**Aim of the exercise:** Give back exactly the lines of the material below, starting with the line with "Ackerman Named One" and going on through the line with "#Olivhealthpathlab #LabourDay #HealthHeroes".
[Source information]
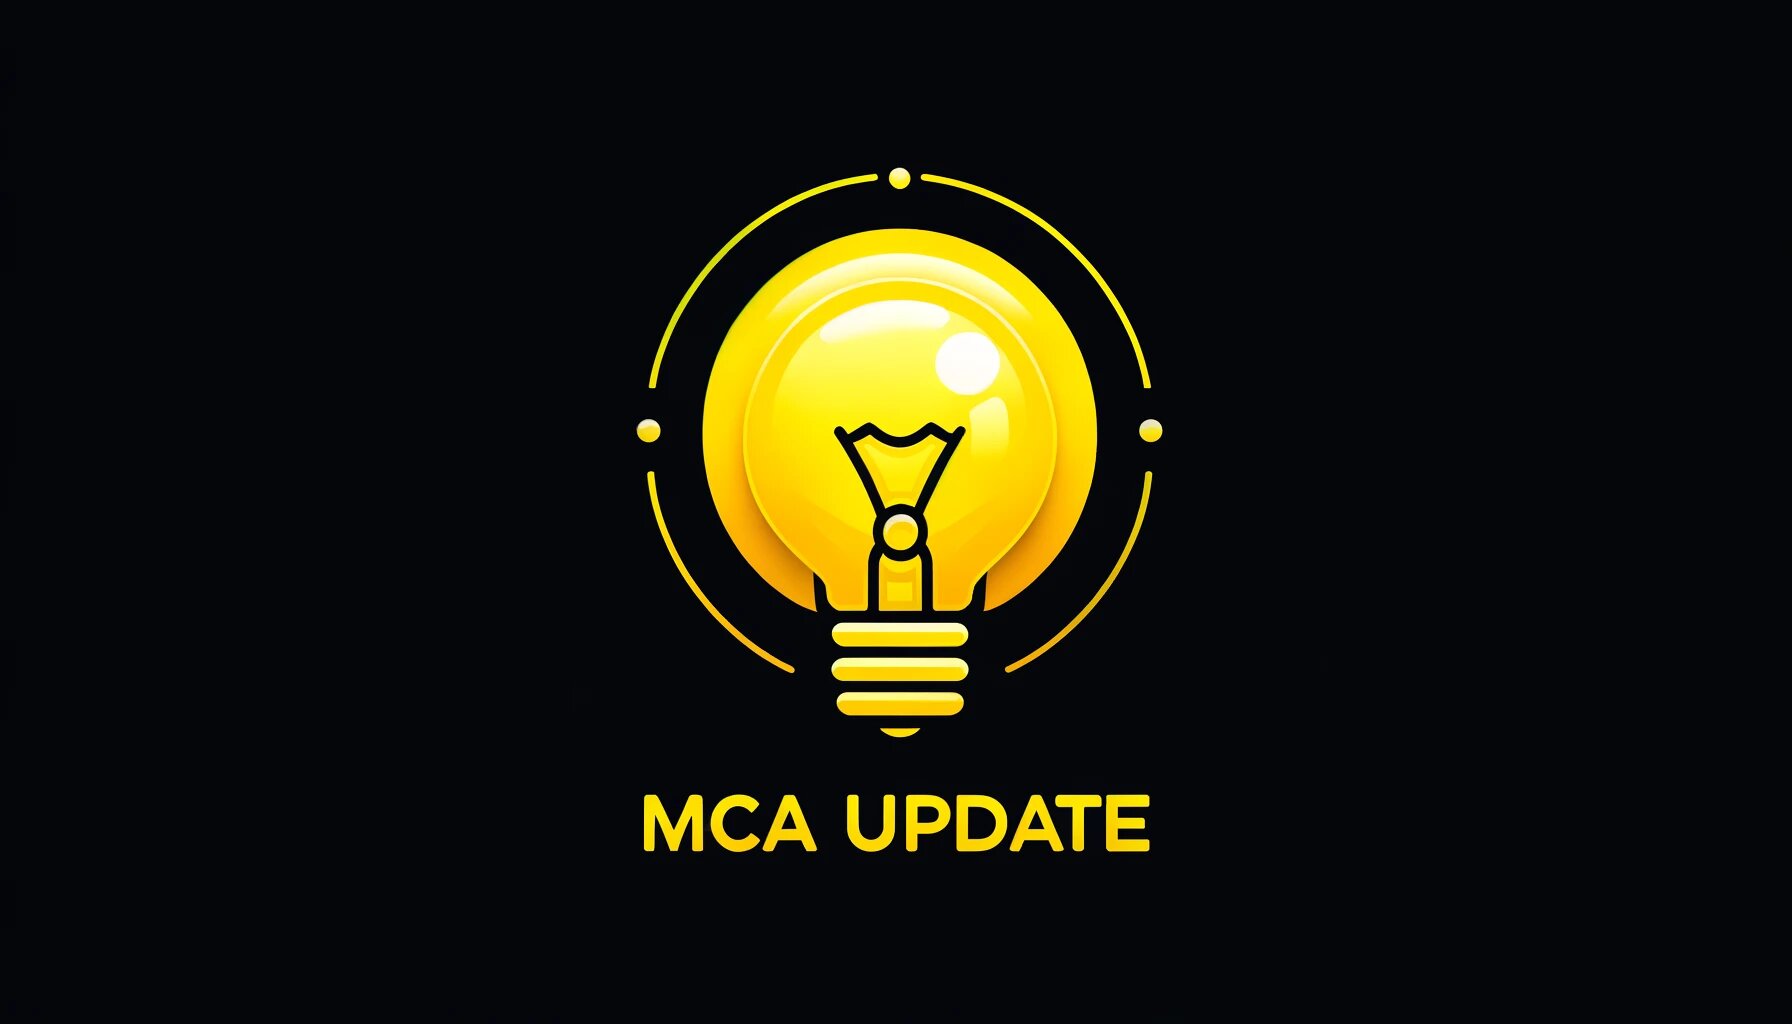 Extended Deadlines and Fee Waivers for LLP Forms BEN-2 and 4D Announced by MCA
[/Source information]
[Source information]
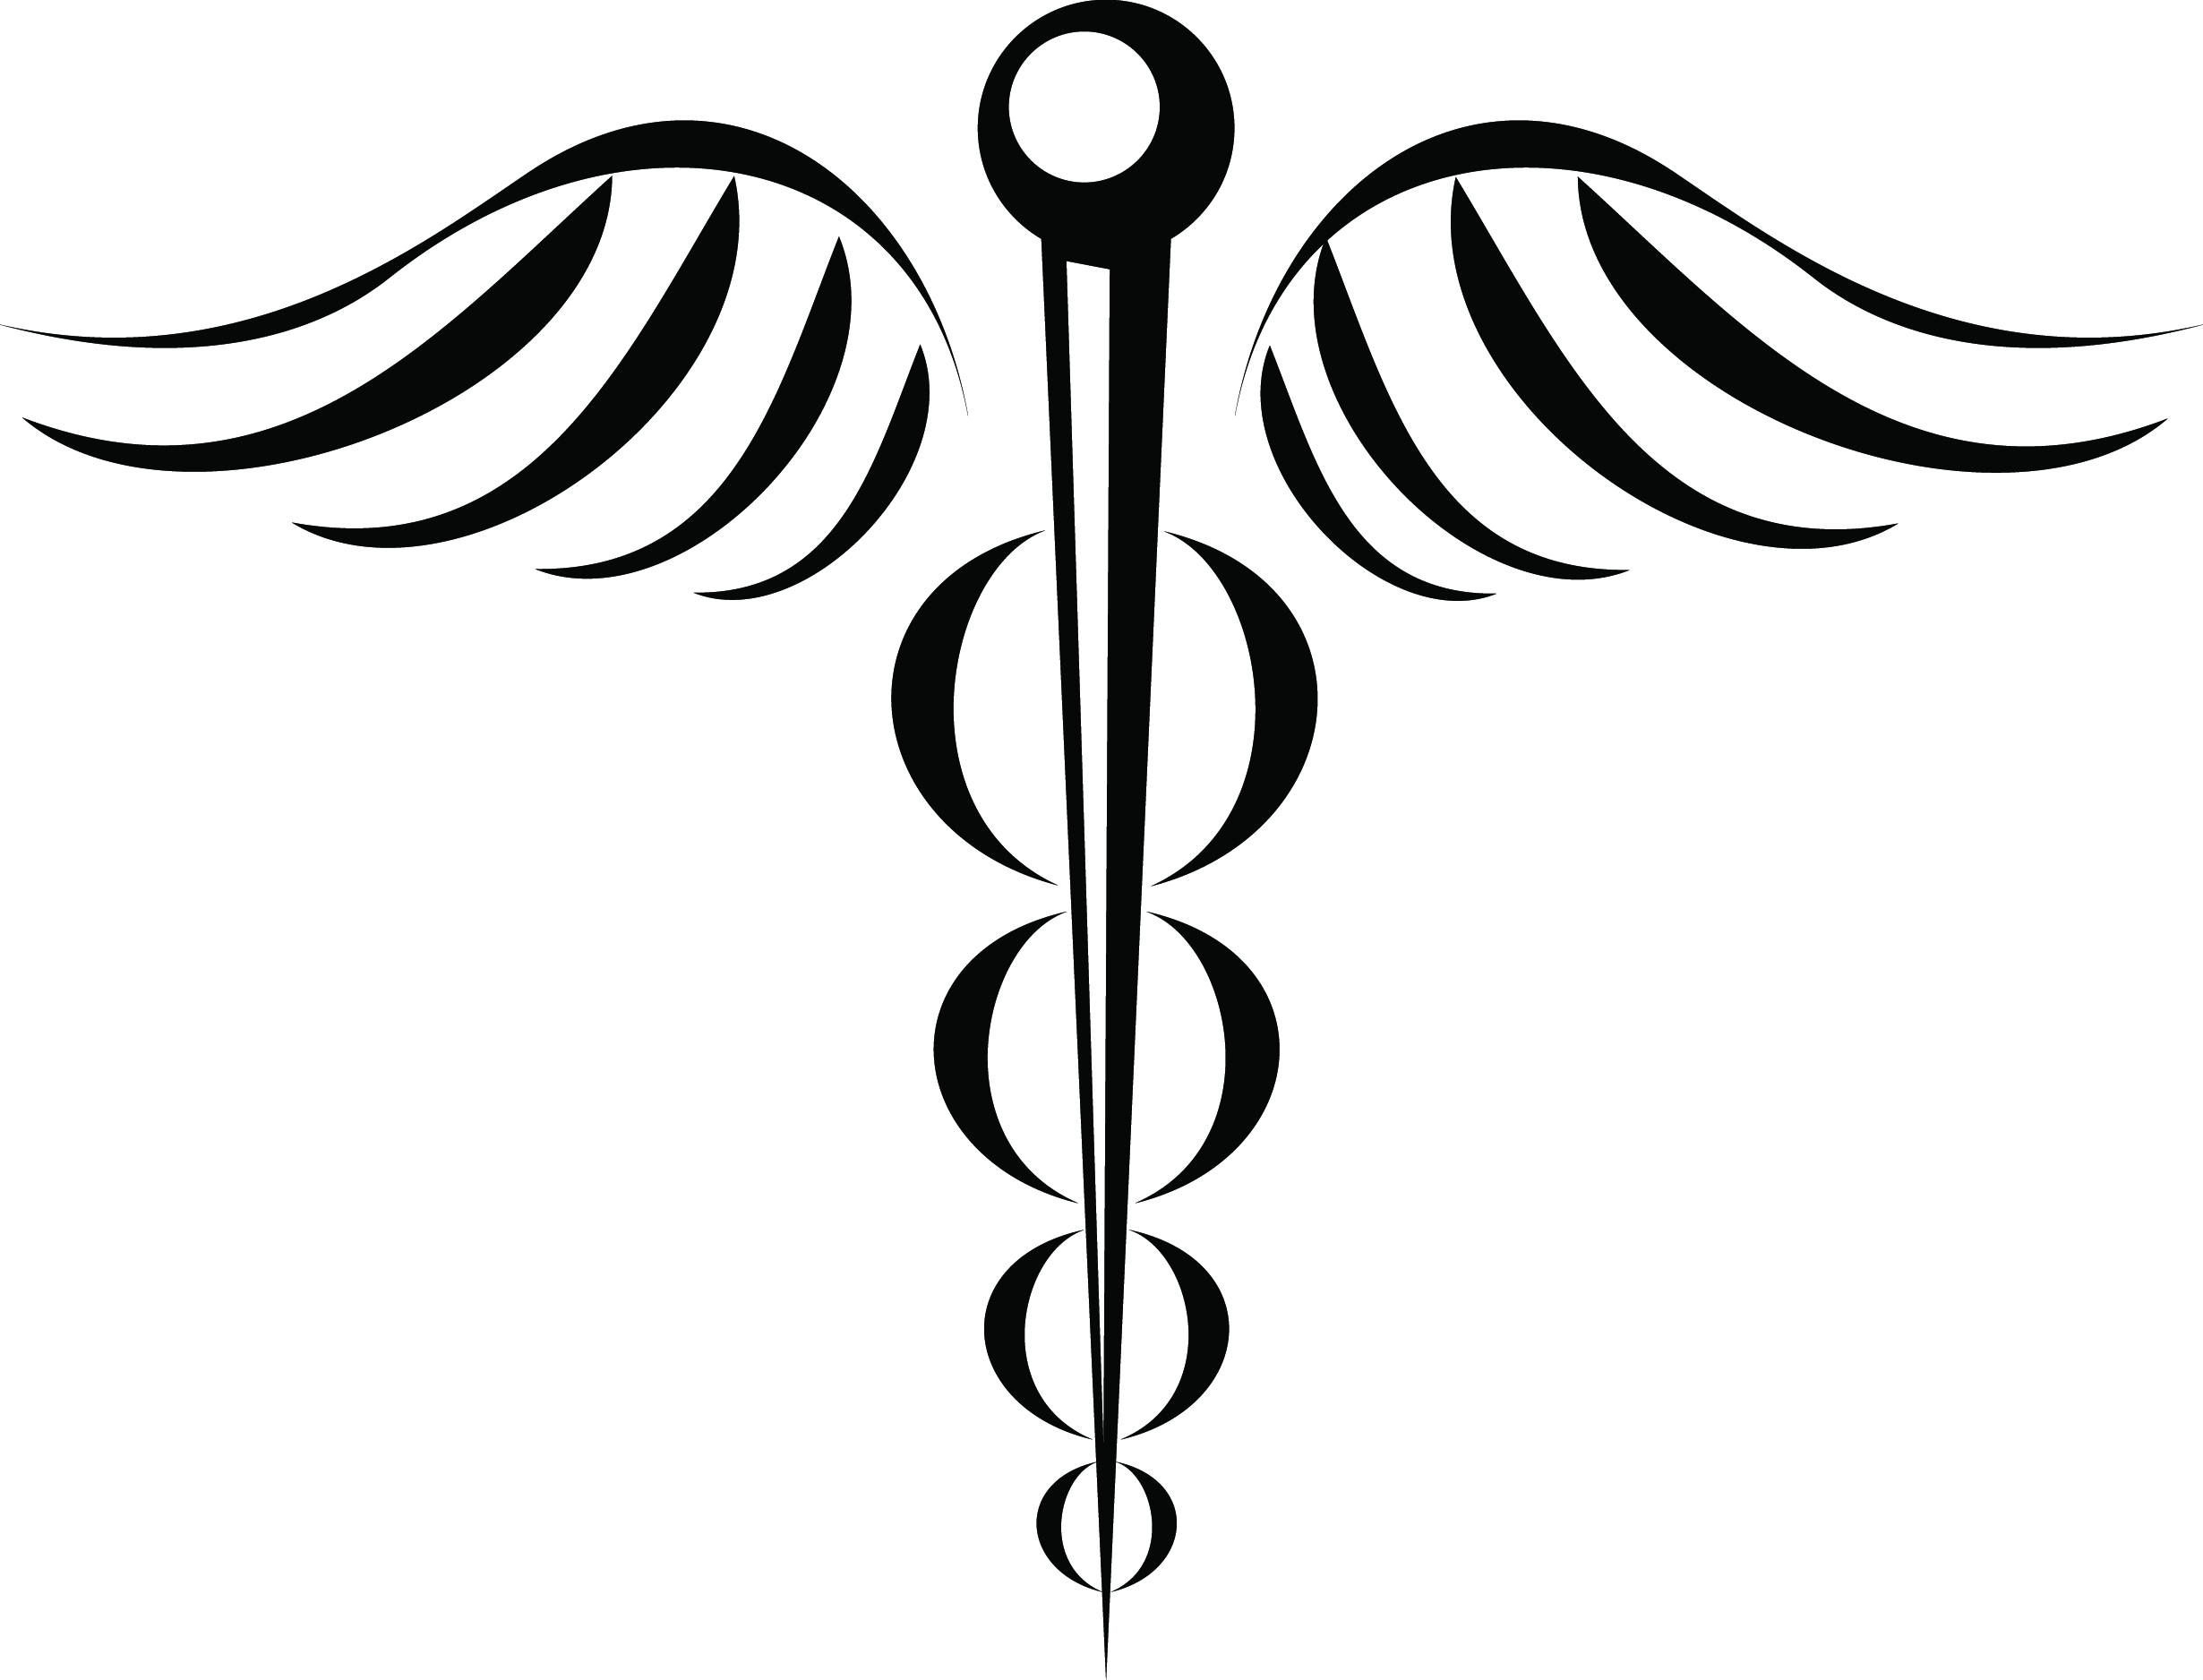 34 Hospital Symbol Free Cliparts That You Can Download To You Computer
[/Source information]
[Source information]
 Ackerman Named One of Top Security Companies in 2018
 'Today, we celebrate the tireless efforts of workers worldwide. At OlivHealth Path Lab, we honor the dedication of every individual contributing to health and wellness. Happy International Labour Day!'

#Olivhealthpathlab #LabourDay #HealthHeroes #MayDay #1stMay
[/Source information]
**Exercise output:**
 Ackerman Named One of Top Security Companies in 2018
 'Today, we celebrate the tireless efforts of workers worldwide. At OlivHealth Path Lab, we honor the dedication of every individual contributing to health and wellness. Happy International Labour Day!'

#Olivhealthpathlab #LabourDay #HealthHeroes #MayDay #1stMay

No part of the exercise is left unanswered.